Die Geister der Vergangenheit sind allgegenwärtig. Ellen Gallagher macht sie in den Unterwasserwelten des Zyklus „Watery Ecstatic“ sichtbar. Das Haus der Kunst präsentiert jetzt das staunenswerte Werk der afroamerikanischen Künstlerin (geboren 1965) in einer Ausstellung, die in Kooperation mit der Tate Modern entstand und rund zwanzig Schaffensjahre umfasst.

Und man kann in dieser Schau gut beobachten, wie die sagenhafte Kunst von Ellen Gallagher zaghaft Gestalt annahm. Eigenartig war sie schon am Anfang, als tausend winzige Augen „Doll’s Eyes“ (1992) und Lippen, aus dem Nichts ihrer großen Leinwände auftauchten. Mit der Zeit wuchs aus dieser eigenwilligen Interpretation des Minimalismus (mit Referenzen an Agnes Martin) ein vielschichtiges, tiefgründiges Oeuvre, das von betörender Ästhetik und stupender technischer Finesse ist – und alle Gattungsgrenzen sprengt. Ihre oft großformatigen Bilder gleichen eher Reliefs, denn als Werkzeuge dienen Pinsel und Skalpell, damit schnitzt Gallagher ins Papier - die Figuren werden plastisch. Kein Wunder, dass auf dem Kunstmarkt Hauser & Wirth und Gagosian diese Preziosen unter sich aufteilen.

Monströse SciFi-Fantasy

Als Inspirationsquellen dienen Geschichte, Musik und Literatur. In „Water Ecstatic“ bezieht sich Gallagher auf „Drexciya“, eine Art schwarzes Atlantis, zusammengesponnen vom gleichnamigen Elektro-Musikduo aus Detroit – nicht wahr, aber gut erfunden. Ihre Legende basiert auf der Geschichte der Sklaven, die auf Schiffen aus Afrika in die Neue Welt entführt wurden. Dabei wurden schwangere Frauen ins Meer geworfen, ihre Kinder passten sich dem Lebensraum Wasser an und existieren weiter als submarine Mutanten.

Die monströse SciFi-Fantasy ist zum Glück nicht ganz ohne Humor. Gallagher lässt „Drexciya“ als eine verborgene Welt von bizarrer Schönheit Gestalt annehmen, belebt von Fischen, Quallen, Korallen und Meerjungfrauen mit Krakenköpfen und Algenhaaren.
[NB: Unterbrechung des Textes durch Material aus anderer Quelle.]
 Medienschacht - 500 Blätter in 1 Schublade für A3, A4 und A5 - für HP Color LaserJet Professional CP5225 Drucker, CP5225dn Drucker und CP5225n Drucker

Die Faszination der Wesen aus der Tiefe hatte Gallagher schon während des Studiums gepackt, als sie an einer mehrmonatigen Expedition auf einem meeresbiologischen Forschungsschiff teilnahm. Ihre Aufgabe war es, winzige planktische Lebewesen, so genannte Flügelschnecken, zu untersuchen und zu zeichnen. Die naturwissenschaftliche Akribie, aber auch der Respekt vor der Natur sind noch immer in ihren Zeichnungen zu spüren.
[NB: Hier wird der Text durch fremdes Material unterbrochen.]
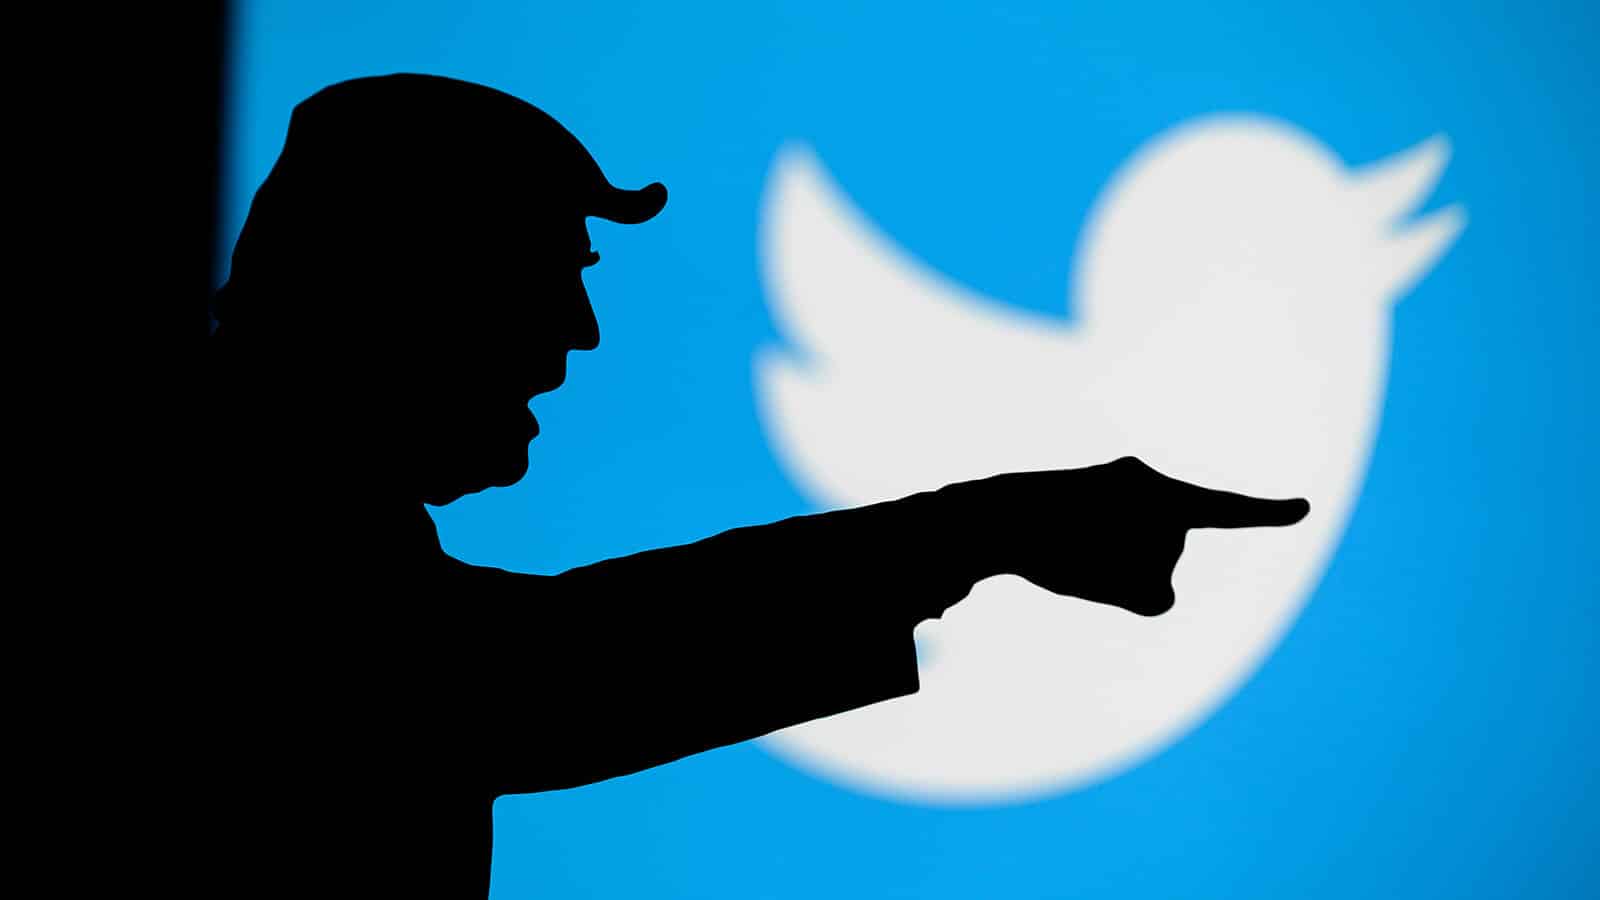 Silhouette von Trump bei Twitter Logo - Wird er bald gesperrt?

Diskriminierung als untergründiges Thema

„Axme“, der Titel der Ausstellung, bedeutet soviel wie das vernuschelte „Ask me“, es bezieht sich aber auch auf den Cartoon „Don’t axe me“, in dem das Entchen Daffy Duck vor der Axt seines Besitzers fliehen muss, um nicht im Kochtopf zu landen. Verfolgung, Rassismus und Diskriminierung sind bei Gallagher als Thema subkutan immer vorhanden. Etwa in „Dirty O’s“: Da bleiben unter der Farbschicht nur die Buchstaben e und o sichtbar – die beiden Vokale aus dem Wort „Negro“. Und die Story von Käpt’n Ahab und der Jagd auf den weißen Wal hat Gallagher auf dem Monumentalgemälde „Bird in Hand“ doppelbelichtet und mit Clayton „Peg Leg“ Bates, einem einbeinigen schwarzen Step-Tänzer aus den 20er Jahren vermischt.
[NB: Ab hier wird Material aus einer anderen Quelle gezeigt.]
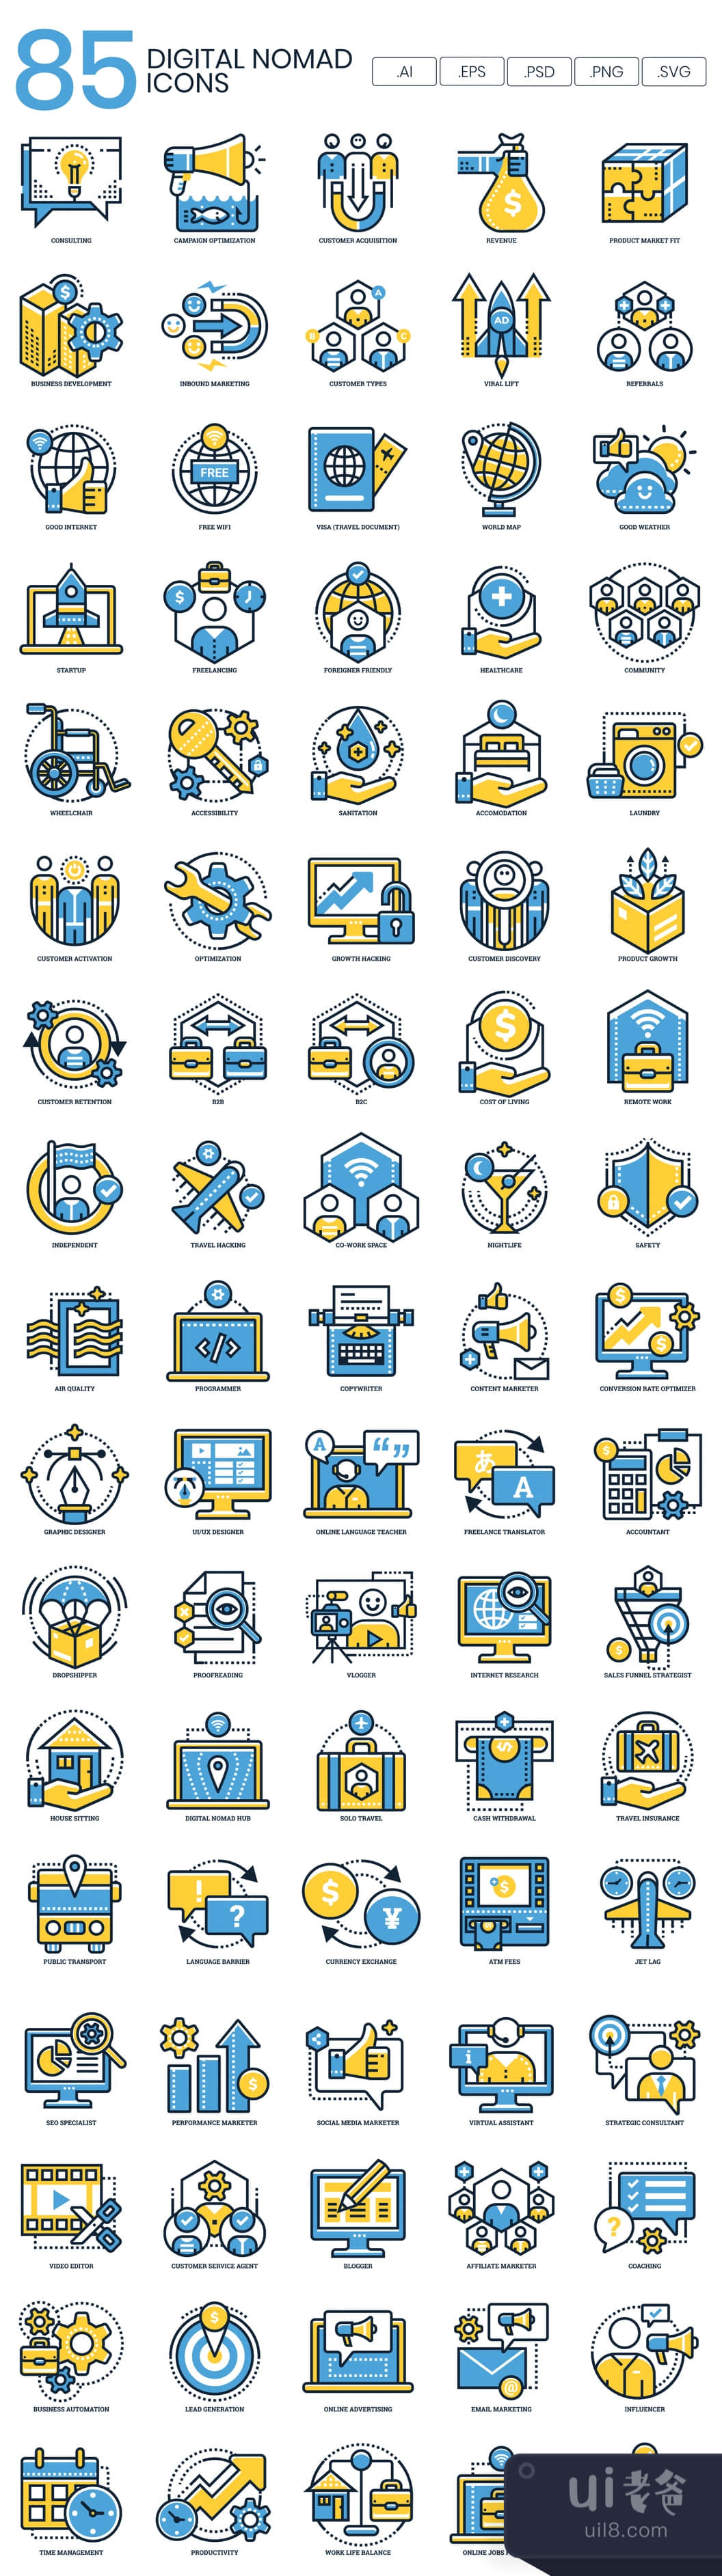 85个数字游民图标 (85 Digital Nomad Icons)插图

Wie bei Lorna Simpson sind auch bei Ellen Gallagher die Haare wichtiger Bedeutungsträger schwarzer Identität: Der Afro-Look als Symbol der Black Power, die gezähmte Perücke als Zeichen der Angleichung. Für ihre „Yellow Paintings“ hat Gallagher Beauty-Werbung aus Magazinen ausgeschnitten und auf die Köpfe wilde Wülste und Wölbungen aus Plastilin gesetzt. Und diese merkwürdigen Kopfbedeckungen scheinen ein Eigenleben zu führen. Sie sind den Meeresorganismen aus „Drexciya“ nicht unähnlich.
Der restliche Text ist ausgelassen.